WHAT NEEDS TO BE DONE: Leave out all pictures. Return exactly the lines from the top of the material through the line containing "Karate Two Kids Posing Wallpaper".
⁂
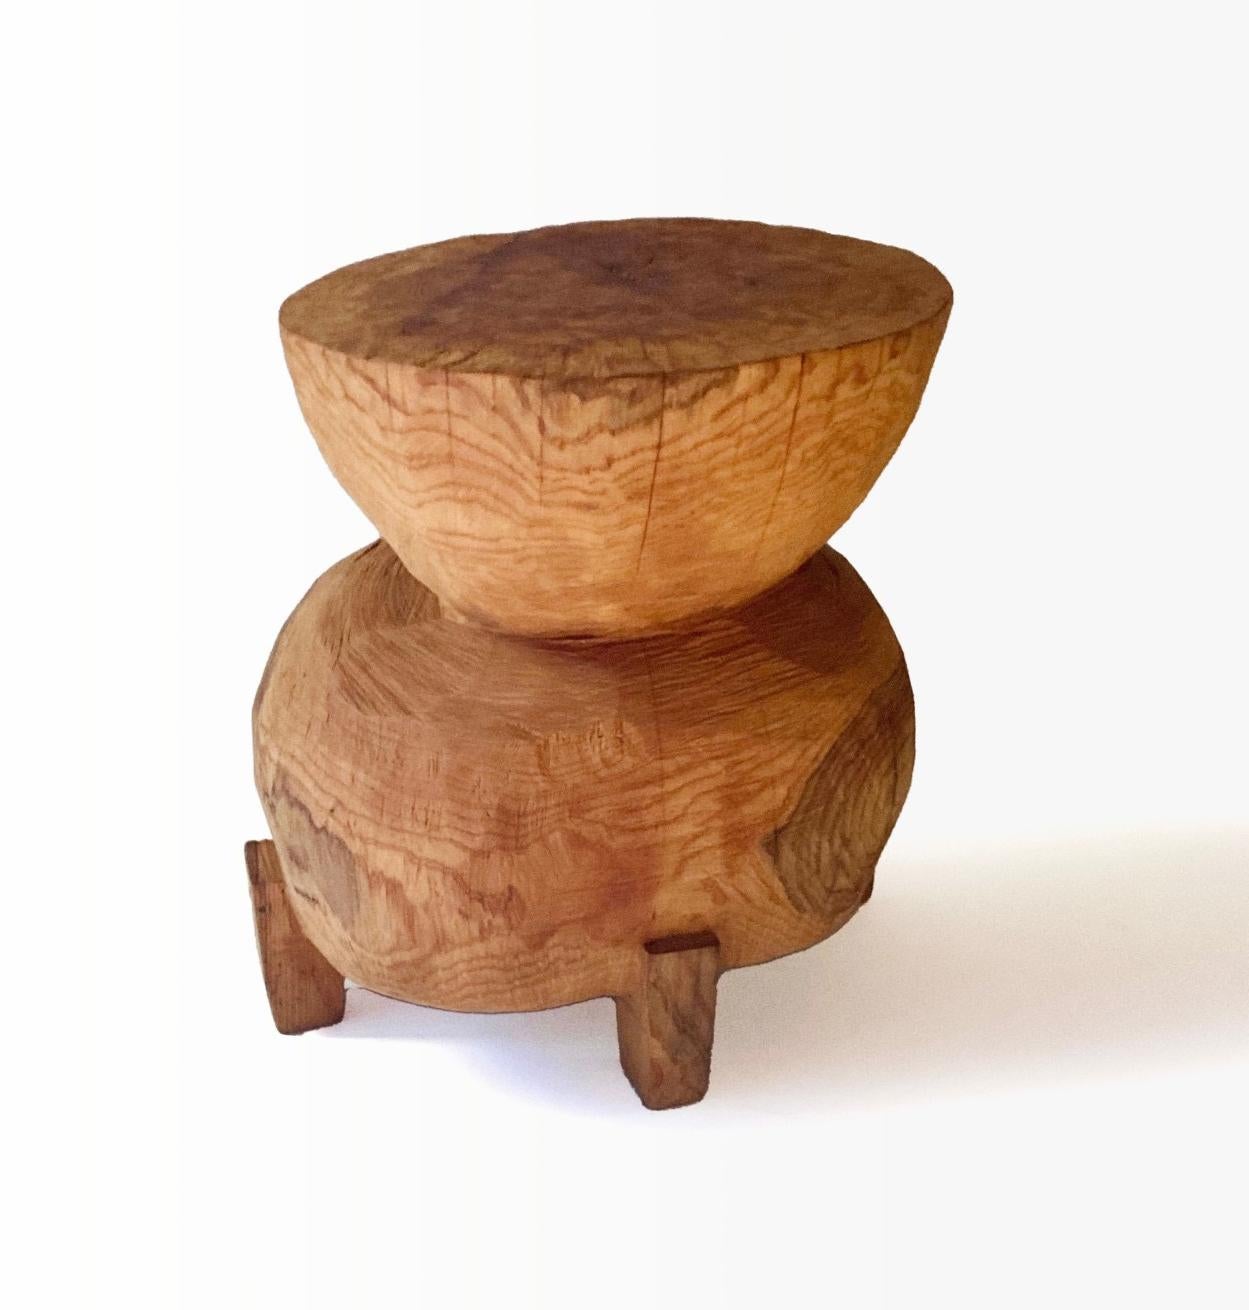 Name: Miminashi
Skulpturaler Hocker von Hiroyuki Nishimura und geschnitzte Möbel von Zougei
MATERIAL: Kirsche
Diese Arbeit wird mit einigen Arten von Kettensägen aus Holz geschnitzt.
Das meiste Holz, das für Nishimuras Werke verwendet wird, ist
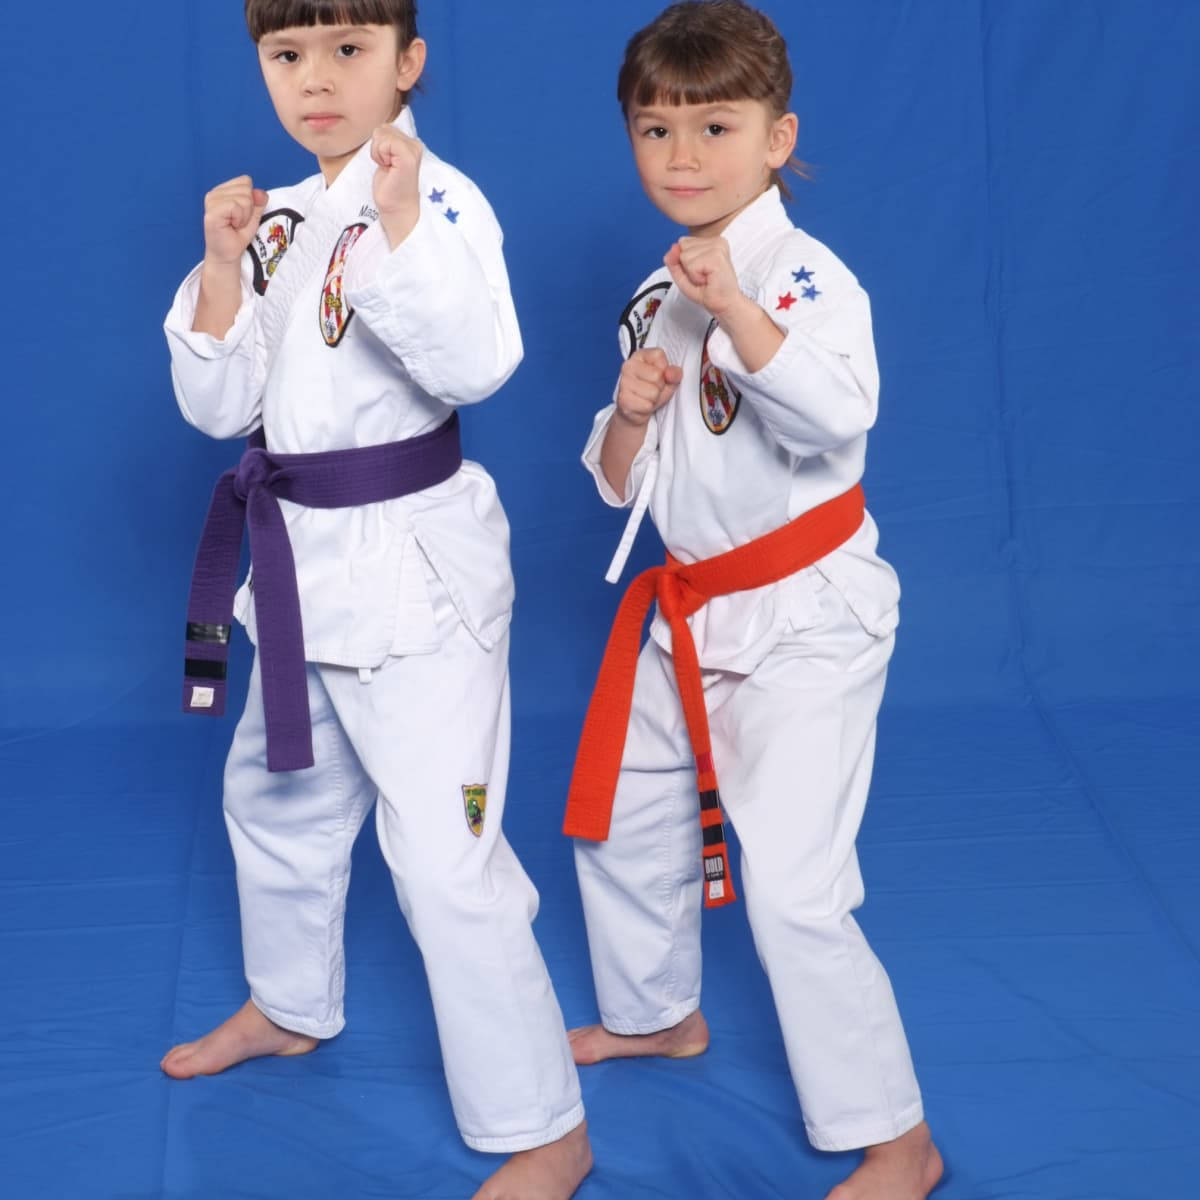 Karate Two Kids Posing Wallpaper
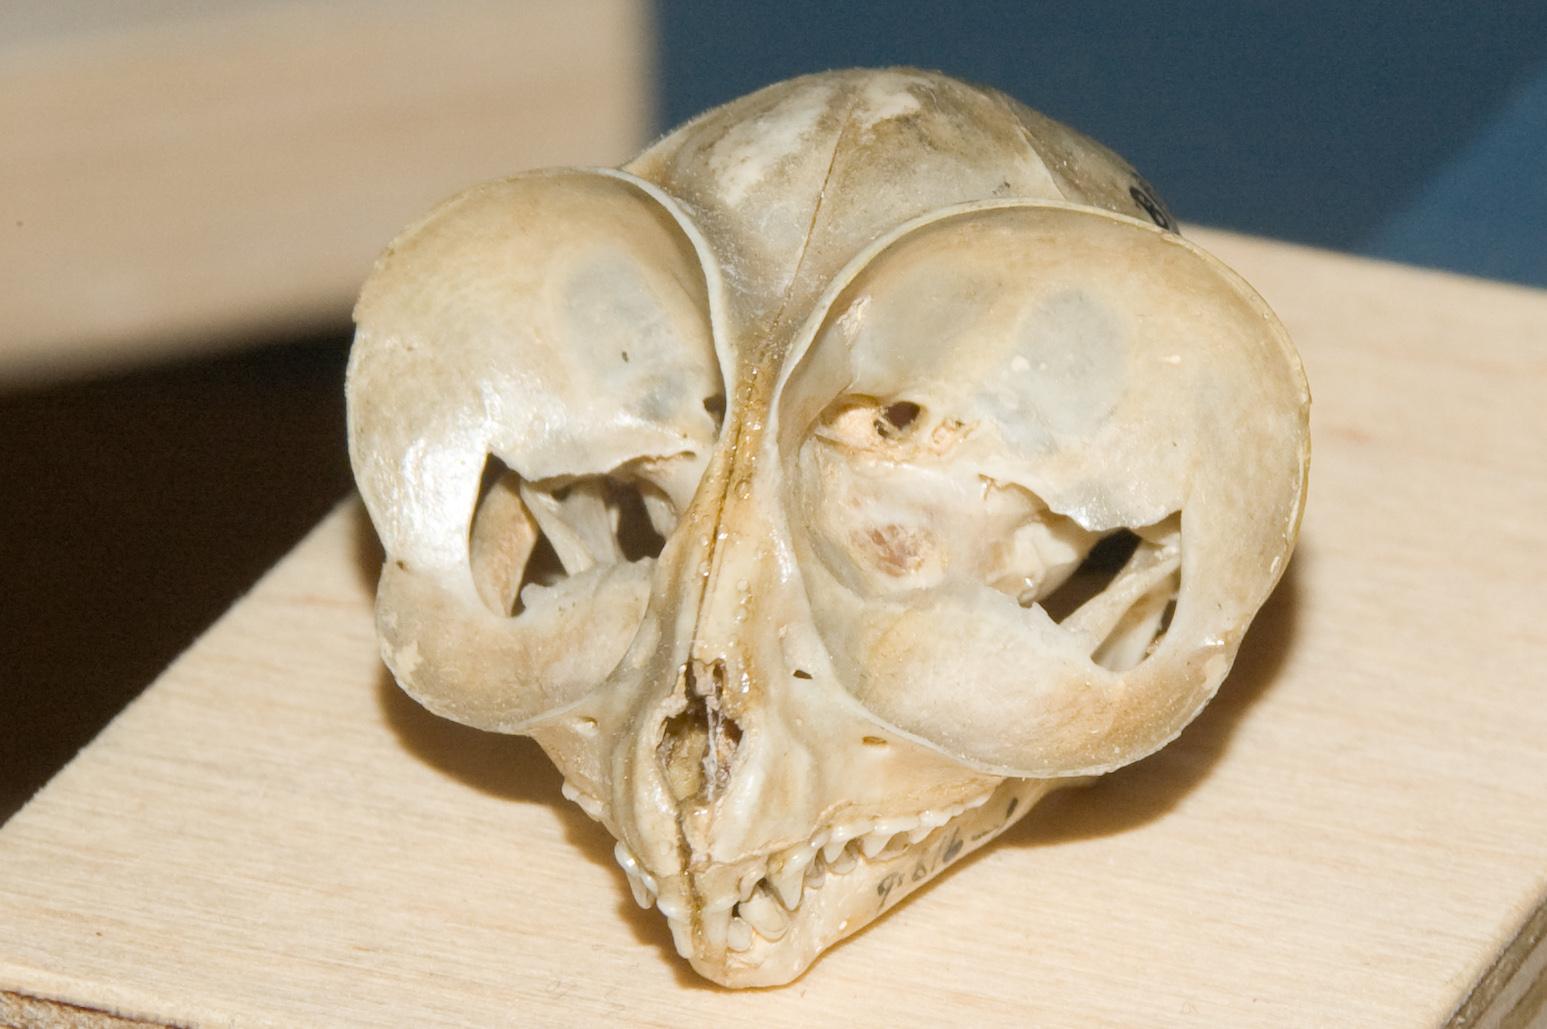 Front view of tarsier skull.
⁂
EXERCISE RESULT:
 Name: Miminashi
Skulpturaler Hocker von Hiroyuki Nishimura und geschnitzte Möbel von Zougei
MATERIAL: Kirsche
Diese Arbeit wird mit einigen Arten von Kettensägen aus Holz geschnitzt.
Das meiste Holz, das für Nishimuras Werke verwendet wird, ist
 Karate Two Kids Posing Wallpaper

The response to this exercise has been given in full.